83. The data processing system of claim 79, wherein:

the cell is taken from tumor cells of a patient;

the matrix includes a test substance; and

wherein the program code, when executed, further causes the data processing system to perform: automatically determining, based on the image, a selected metric for the cell among a set including a motility metric, a frequency metric and a morphology metric; automatically determining, based on the selected metric, probability of success of therapy on the patient employing the test substance and reporting the probability of success.

84. The data processing system of claim 83, wherein:

the cell is taken from tumor cells of a patient;

the matrix includes a test substance; and

wherein the program code, when executed, further causes the data processing system to perform: automatically determining, based on the image, a selected metric for the cell among a set including a motility metric, a frequency metric and a morphology metric;

and automatically selecting a treatment plan for recommendation based on the selected metric and reporting the recommended treatment plan.

85. A program product comprising:

a data processing system-readable storage device;

program code stored in the data processing system-readable medium that, when executed, causes a data processing system to perform: automatically determining, based on image processing of a plurality of images captured from a matrix including living cells of a patient and a test substance, one or more metrics for the living cells among a set including a motility metric, a frequency metric and a morphology metric; and automatically determining, based on the one or more metrics, a probability of success of a therapy on the patient employing the test substance and reporting the probability of success.
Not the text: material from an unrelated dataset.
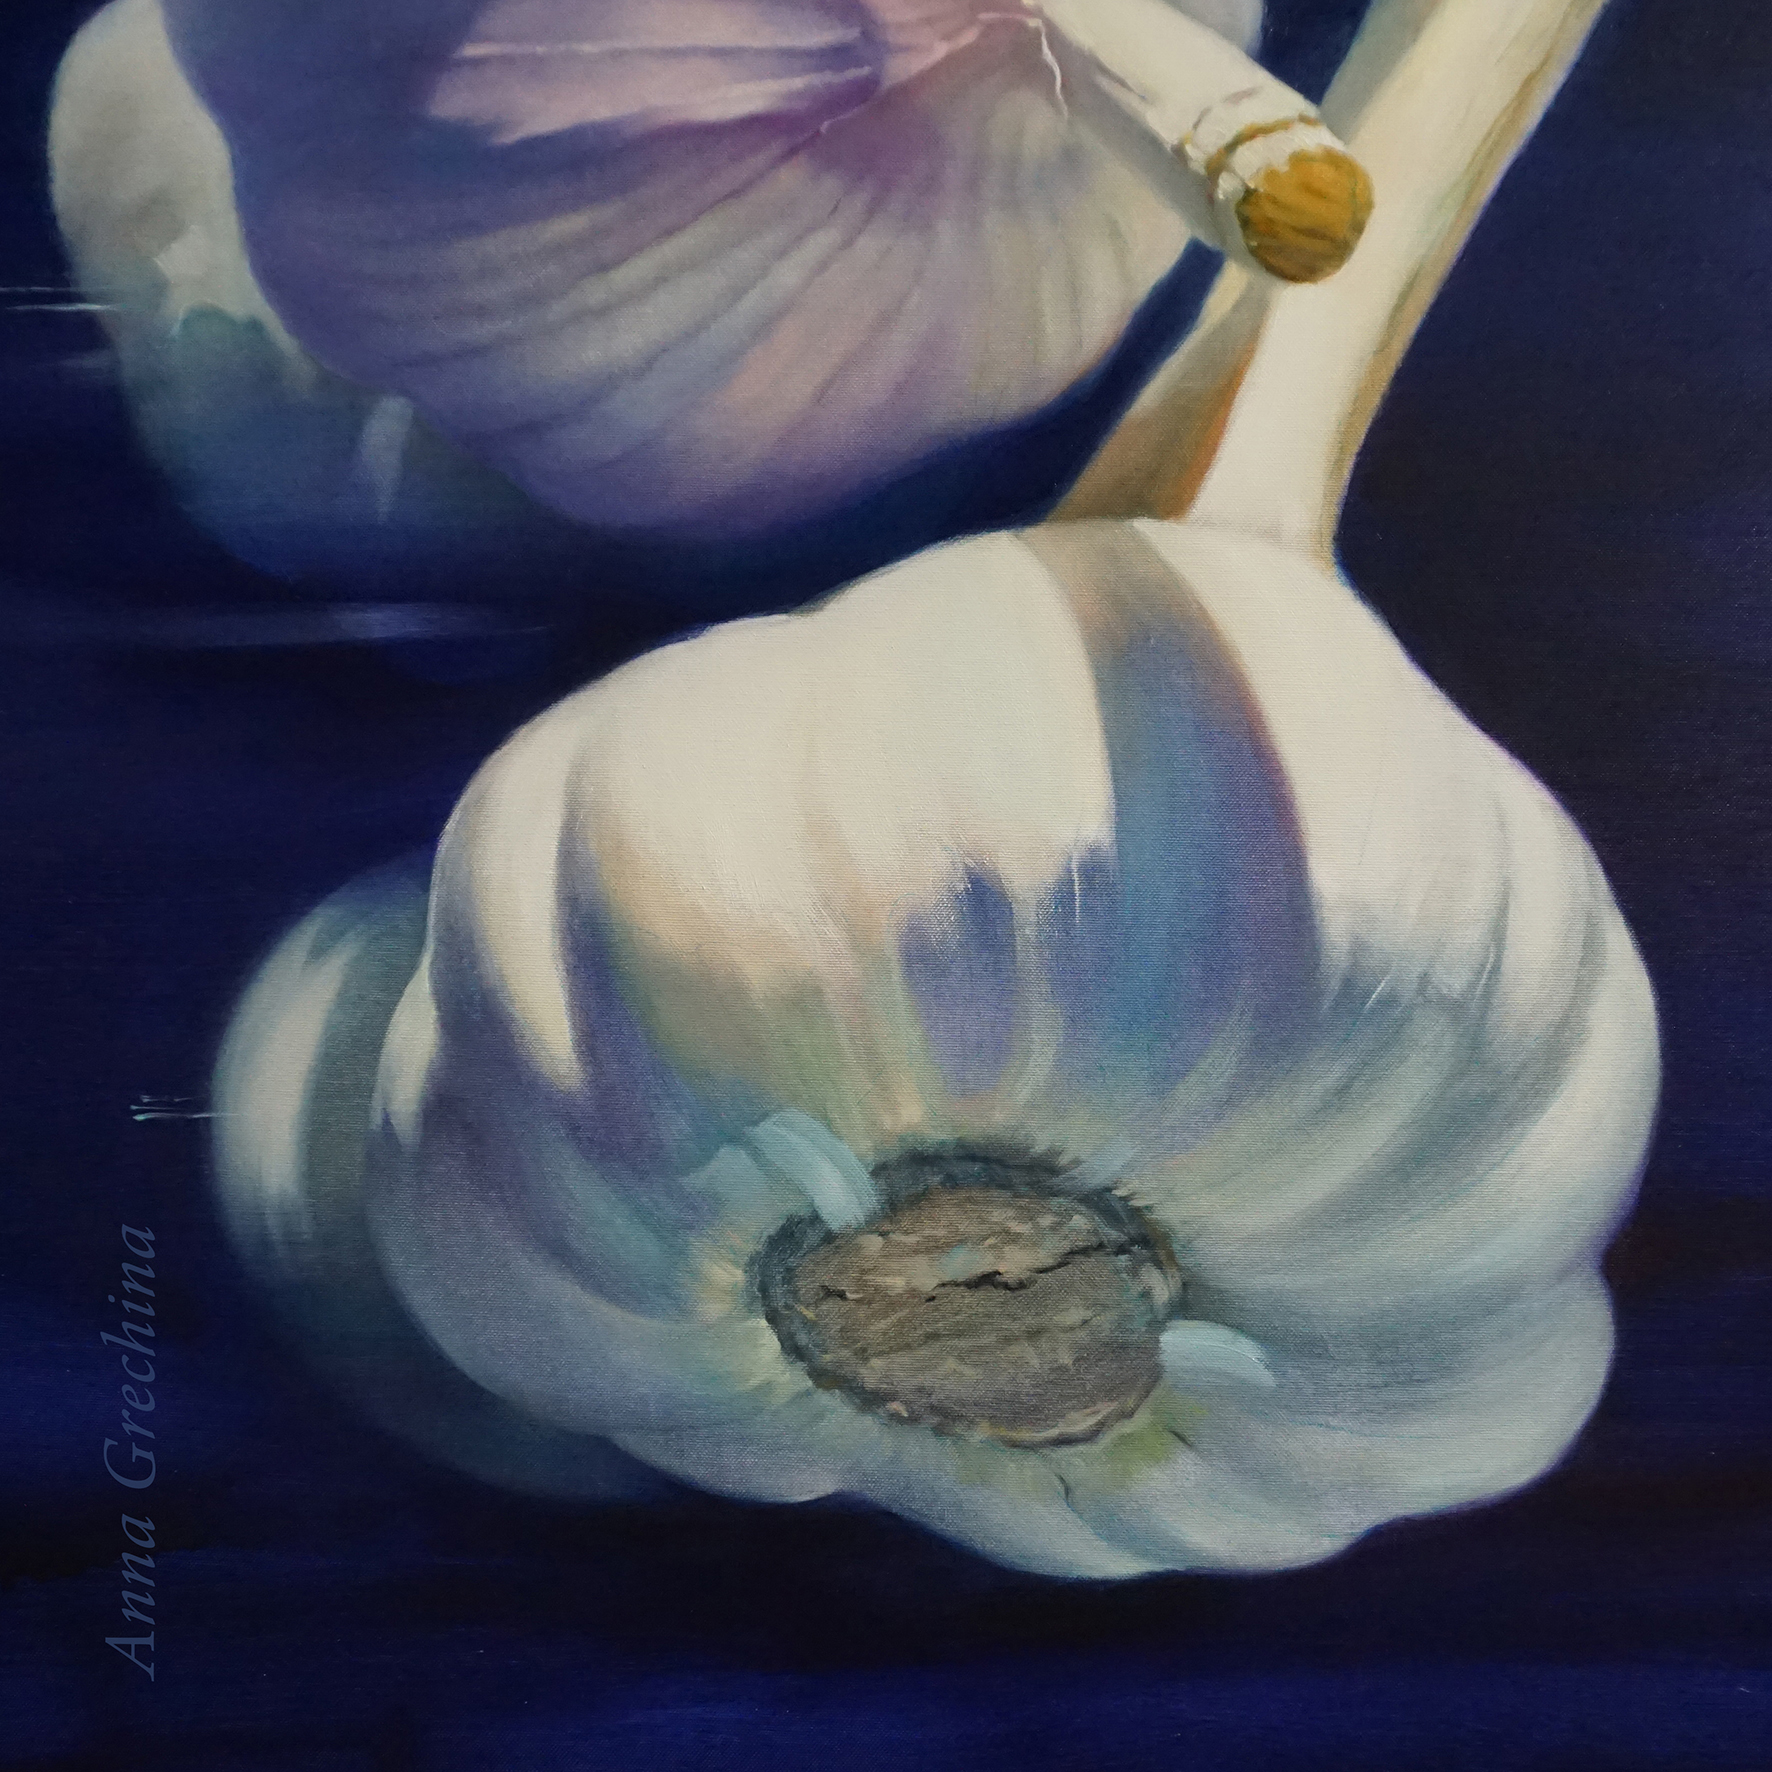 "Family in the Universe". Still life with garlic, hyperrealism, painting. Artist Anna Grechina.

86. A program product comprising:

a data processing system-readable storage device;

program code stored in the data processing system-readable medium that, when executed, causes a data processing system to perform: automatically determining, based on image processing of a plurality of images captured from a matrix including living cells of a patient and a test substance, one or more metrics for the living cells among a set including a motility metric, a frequency metric and a morphology metric; and automatically selecting a treatment plan for recommendation based on the one or more metrics and reporting the recommended treatment plan.